[DATASET CONTENT — start]
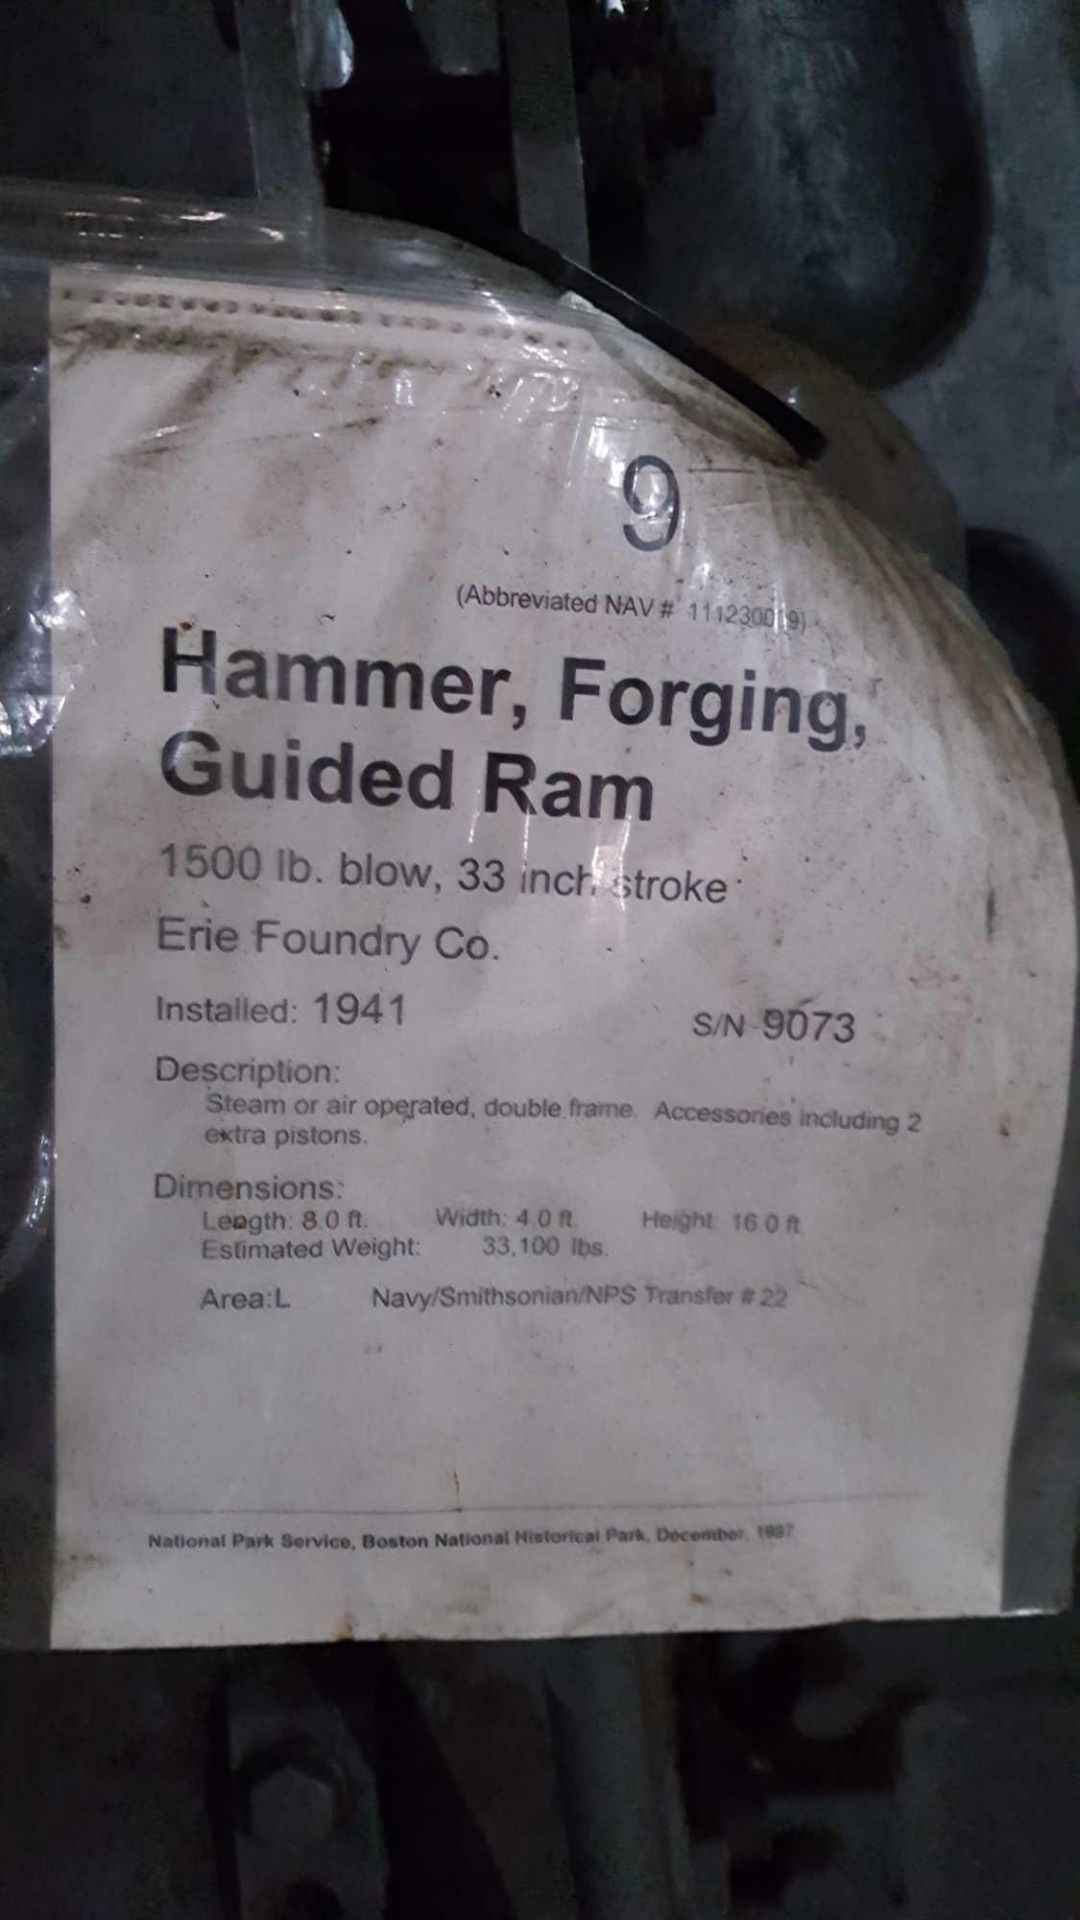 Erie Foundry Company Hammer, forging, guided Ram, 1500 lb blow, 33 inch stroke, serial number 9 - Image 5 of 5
[DATASET CONTENT — finish]
[DATASET CONTENT — start]
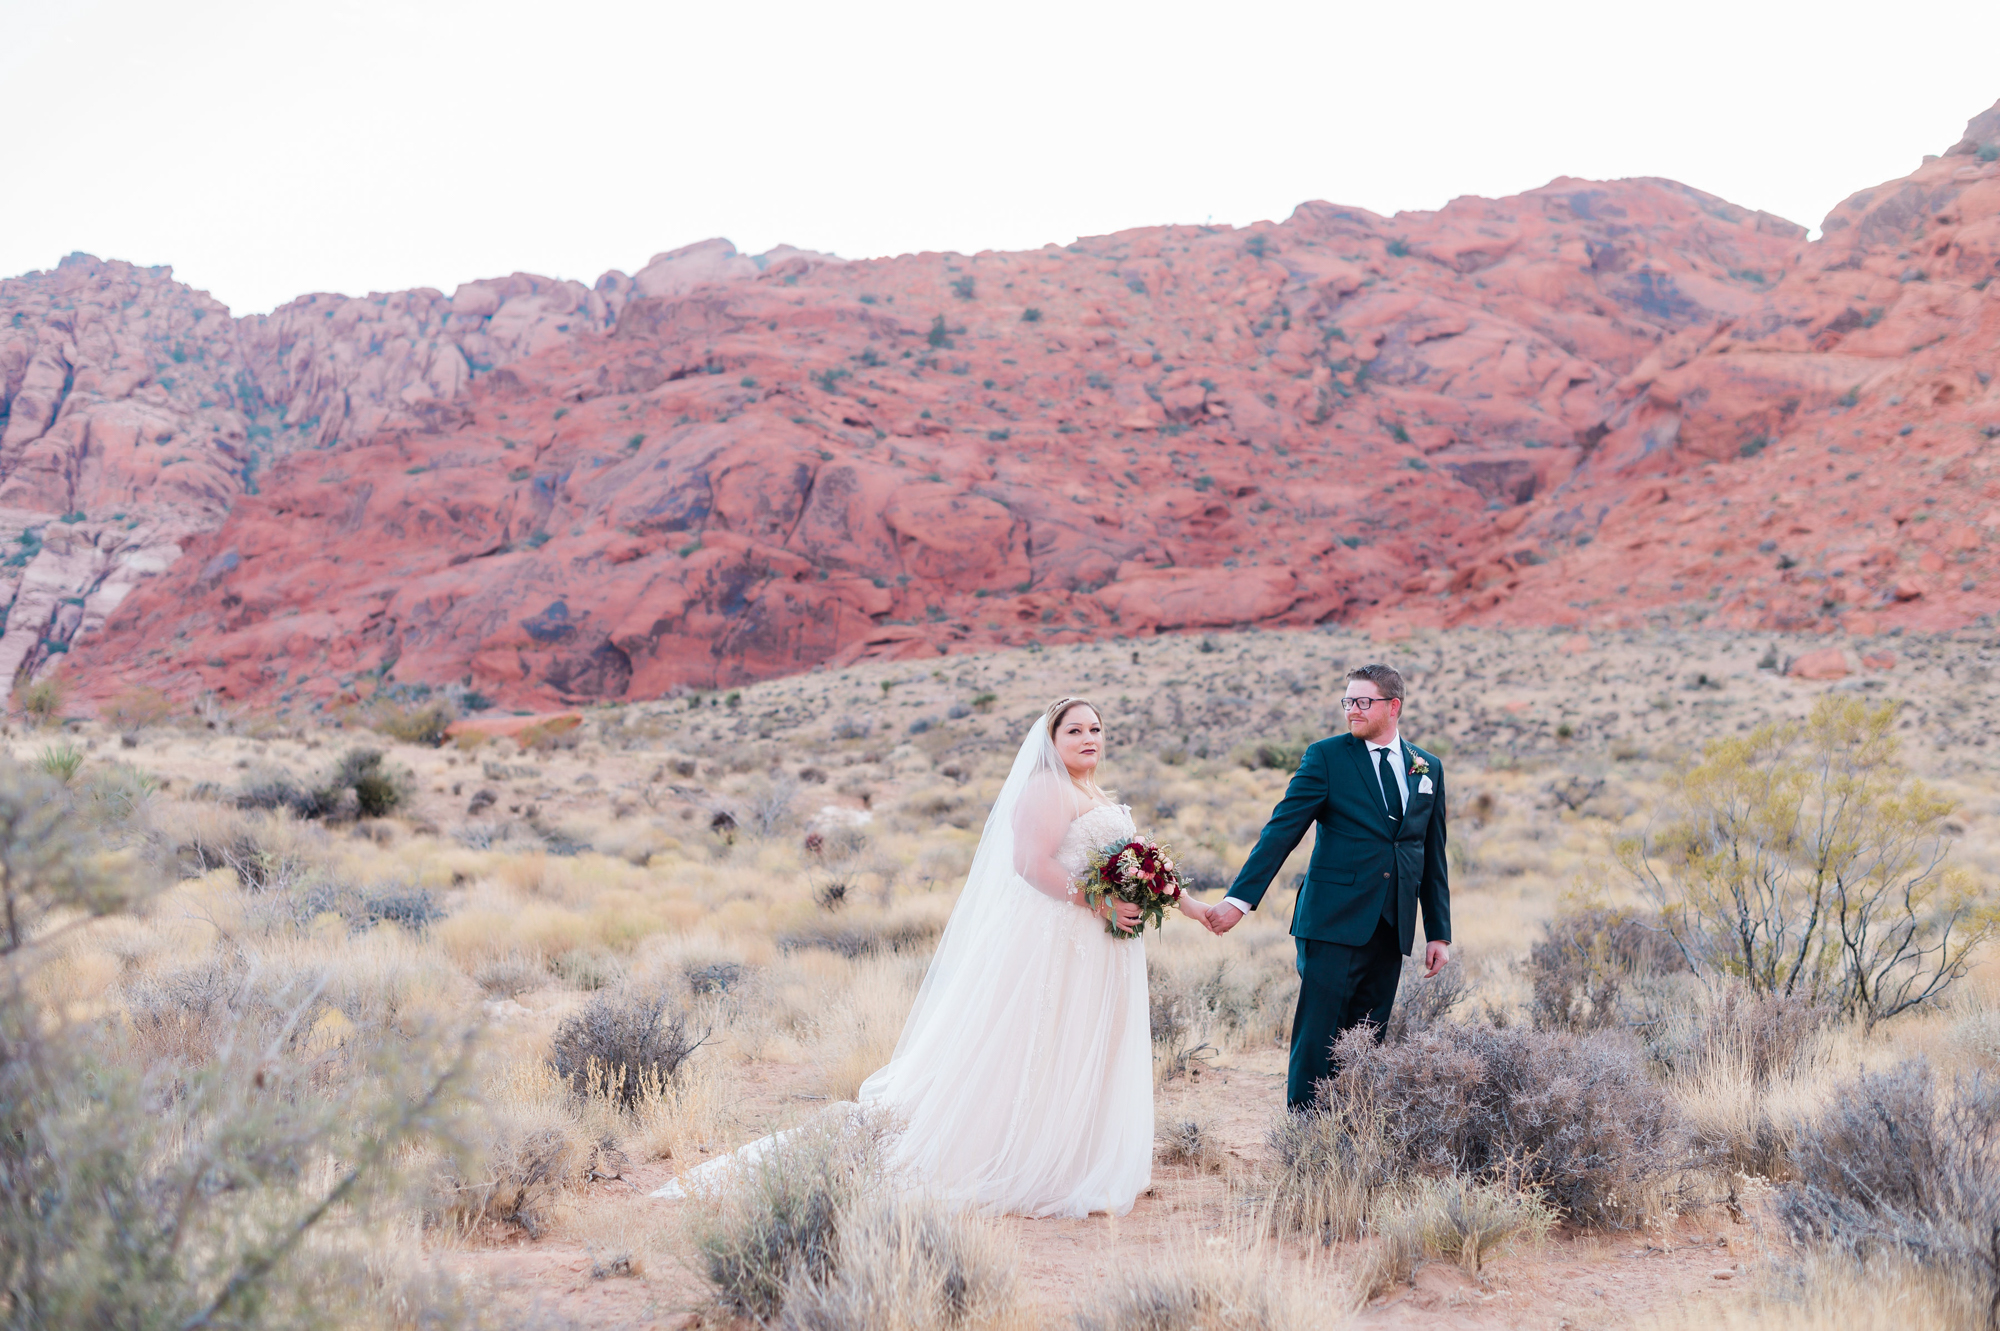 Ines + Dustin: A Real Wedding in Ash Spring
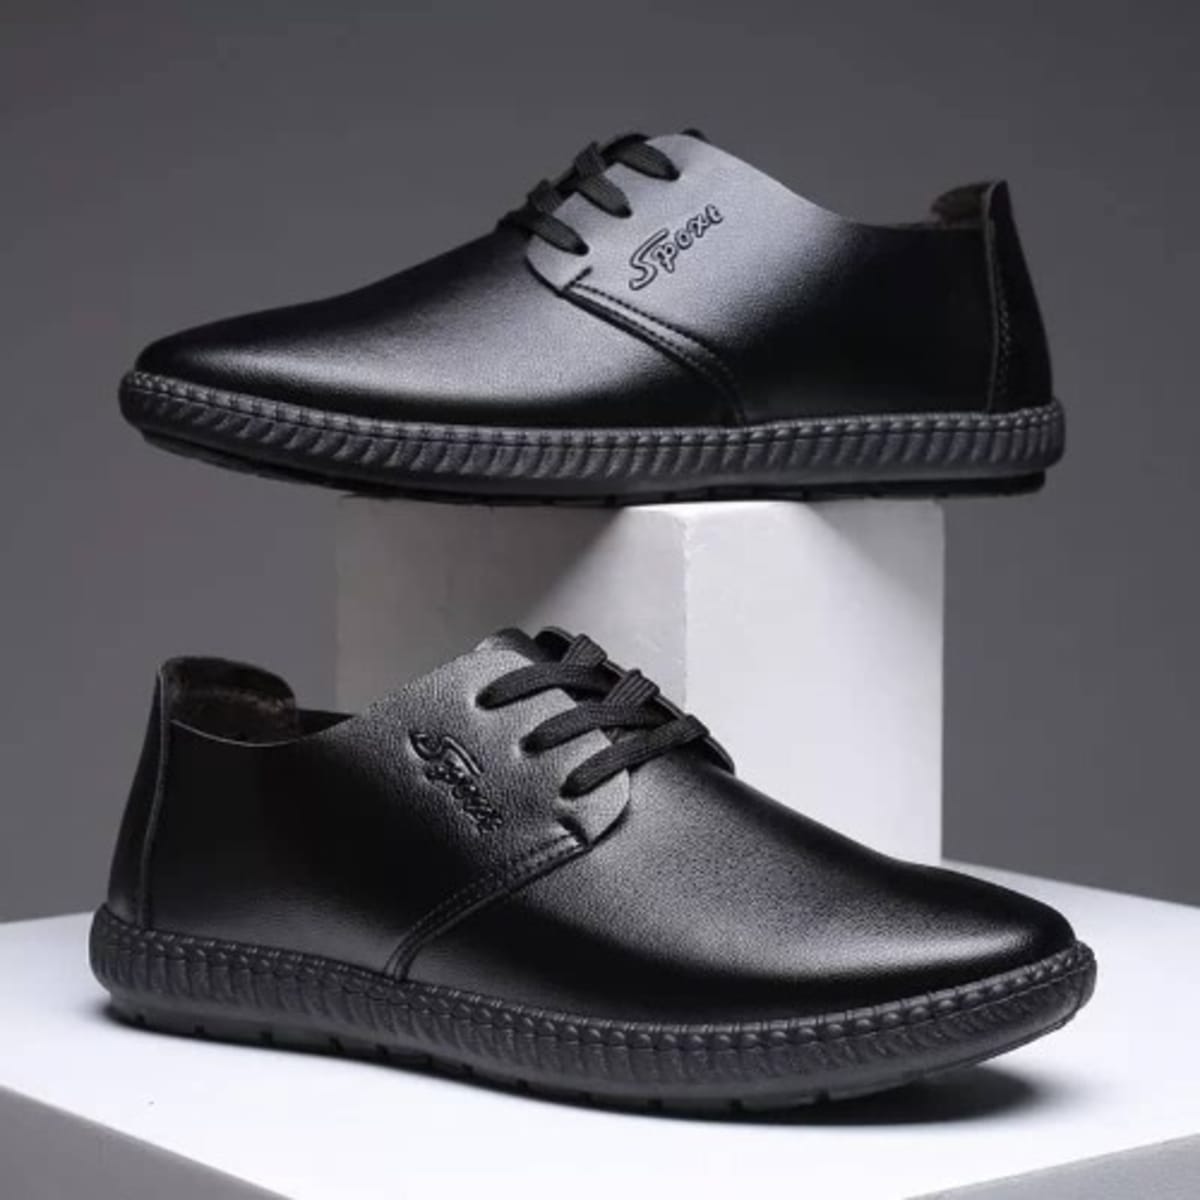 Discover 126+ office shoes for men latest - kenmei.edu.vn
[DATASET CONTENT — finish]
▶ WORK TO BE COMPLETED:
In the entries above, which lines run from the one with "Ines + Dustin: A Real Wedding in Ash Spring" up to and including the one with "Discover 126+ office"? Write them out exactly, without the pictures.

▶ WORKED SOLUTION:
 Ines + Dustin: A Real Wedding in Ash Spring
 Discover 126+ office shoes for men latest - kenmei.edu.vn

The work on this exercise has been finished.